One of the most obvious observations among early studies that employed ambulatory measures of blood pressure recording was the fact that blood pressure tended to decrease (or dip) during nighttime hours or the hours during which the patient was sleeping. In brief, blood pressure typically exhibits a circadian rhythm, with lowest values occurring at night among persons on a normal sleep-wake cycle.
This was certainly no surprise, as comparable reductions in nighttime blood pressure were observed in hospitalized patients when intra-arterial recordings of blood pressure were being assessed. What became of interest to these investigators, however, was the considerable variability of the observed reduction in blood pressure that occurred during nighttime or periods of sleep. While many participants in these studies exhibited reductions in nocturnal blood pressure of 10percent or more (dippers), about one third of them showed very little reduction at all (non-dippers; Verdecchia, Schillaci, and Porcellati, 1991).
In contrast to dippers, research has shown that non-dippers exhibit higher left ventricular mass (Verdecchia et al., 1990), increased secretion of albumen (Bianchi et al., 1994), and increased incidence of stroke (Phillips et al., 2000) as well as cardiovascular disease (Ohkubo et al., 1997; Verdecchia et al., 1994).
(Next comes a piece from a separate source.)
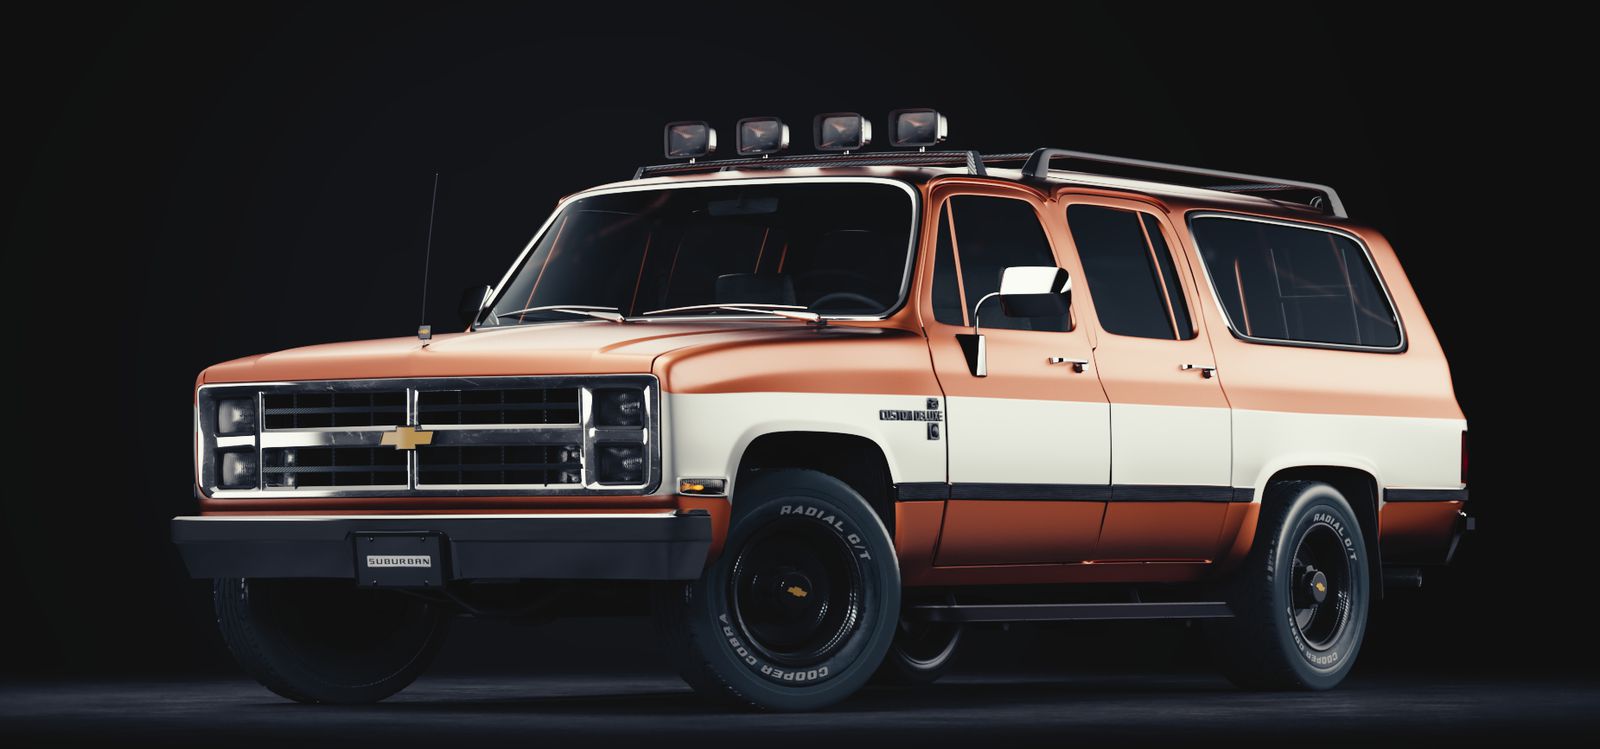 Chevrolet Suburban 8-го поколения выпускался с 1973 года в течение 19 лет!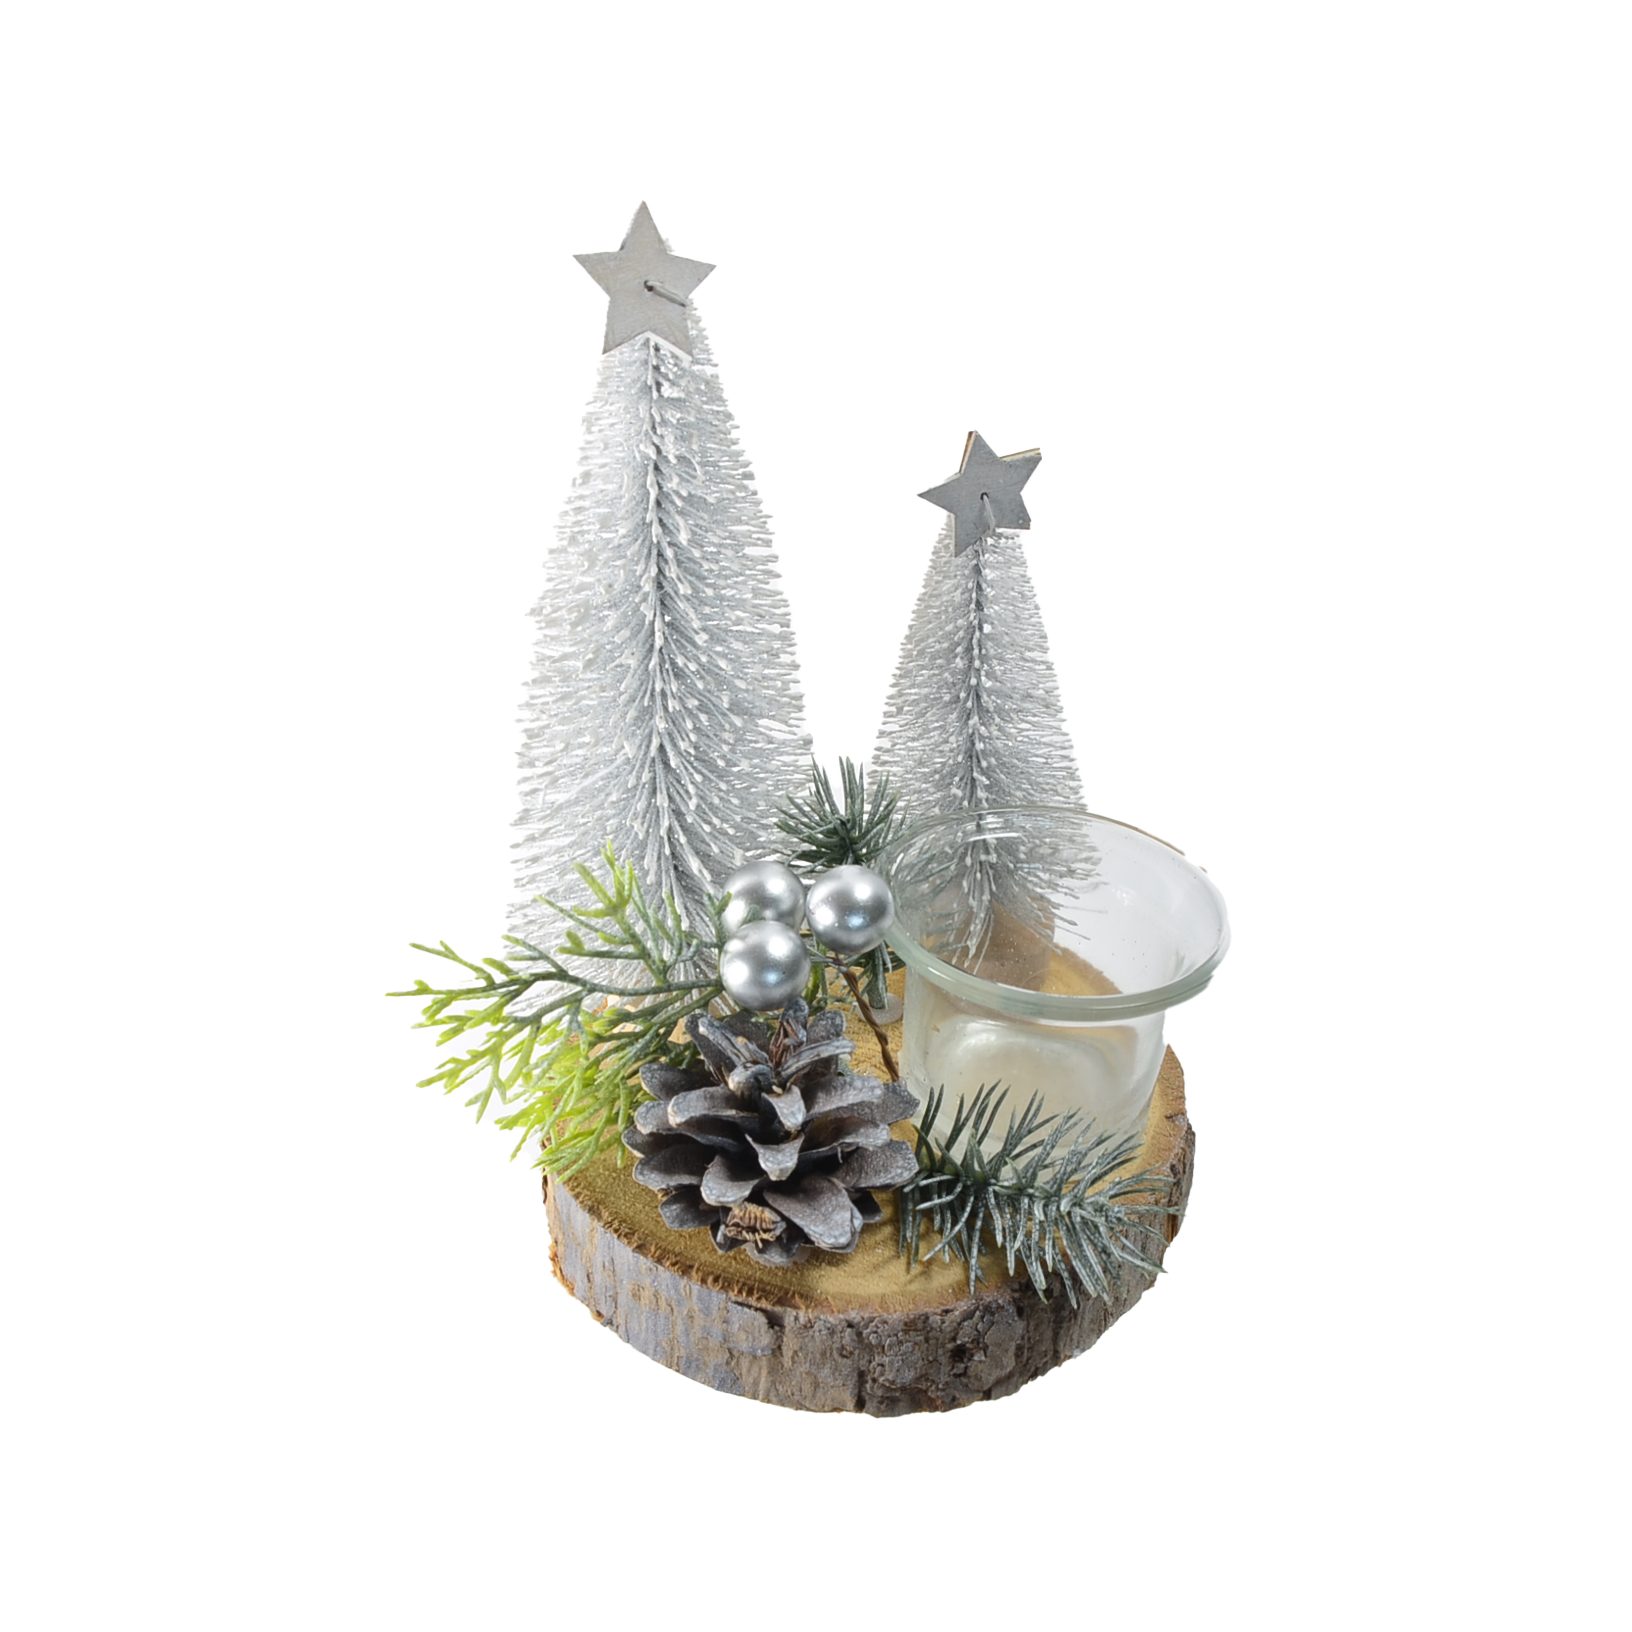 B&S Teelichthalter Weihnachts Teelichtglas auf Holzplatte Ø14 cm Tischdeko in Silbertönen

However, target organ pathology or risk for cardiovascular disease do not always differ in comparisons between dippers and non-dippers (Cuspidi et al., 1999; Roman et al., 1997), indicating that the association between dipper status and risk for cardiovascular disease may not be that robust. Furthermore, there is some evidence suggesting that extreme dipping (defined as a reduction in blood pressure during night greater than 20 percent) might also be associated with increased risk for cerebrovascular damage (Kario et al., 1996).
Therefore, the association between the degree of dipping during nighttime and risk for cardiovascular or cerebrovascular disease may be curvilinear in nature. Certainly, additional prospective trials are needed to clarify the inconsistent findings in this body of literature.
Part of the reason for these conflicting findings has been thought to be related to the unreliability associated with measurement of dipping status. Simply put, a significant number of individuals who exhibit a given dipping status during an ambulatory blood pressure monitoring period fail to show that same status during a second monitoring period (Dimsdale and Herren, 1998; Manning et al., 2000).
It is also possible that non-dipping is associated with increased disease risk only among a subgroup of individuals. For example, rates of non-dipping have been found to be greater among persons of African American ethnicity (Sherwood et al., 2001; Wilson, Sica, and Miller, 1999) or among persons who are sodium sensitive (Sica, 1999; Wilson et al., 1999), indicating that perhaps the increased risk associated with non-dipping may be uniquely linked to other constitutional differences of non-dippers.